Add this script to the InventorySlot button, then create a prefab by dragging the button from the hierarchy into the Assets folder. After that, the button can be removed from the scene — the required prefab is now saved.
To avoid positioning buttons manually, we will use the Horizontal Layout Group UI component. This component automatically arranges buttons within a defined area.
Add a new empty GameObject to the UI and name it InventoryBar.
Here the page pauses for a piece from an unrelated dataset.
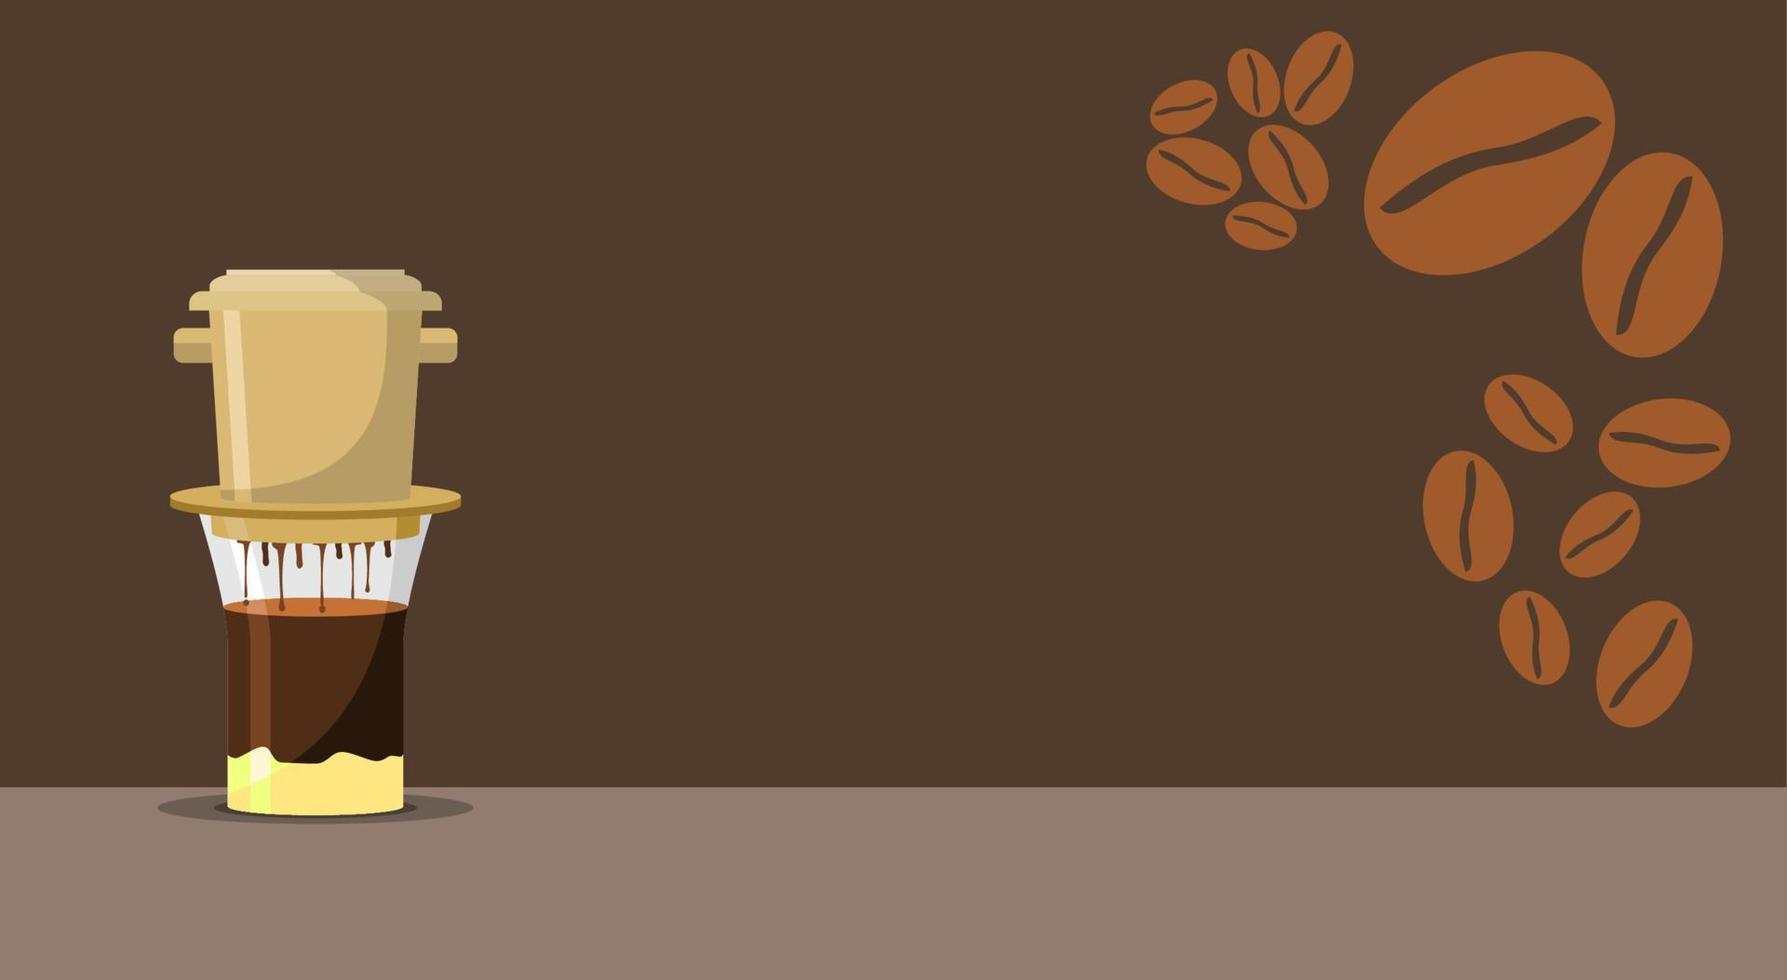 Bạn là tín đồ của cà phê Việt Nam? Vậy hãy xem qua bức tranh vẽ minh họa về cách pha cà phê phin để hiểu rõ hơn về truyền thống văn hóa uống cà phê của Việt Nam. Hãy click ngay để thưởng thức!

In the RectTransform, enable Stretch mode and adjust its position and size.
Set the container height slightly larger than the button height, and make it wide enough to fit at least 4 or more inventory slots.
Add the Horizontal Layout Group component and set the following parameters:
The buttons will now be automatically grouped inside this area, without any manual position adjustments.
Next, we will add a script that connects the inventory logic from code to its visual representation.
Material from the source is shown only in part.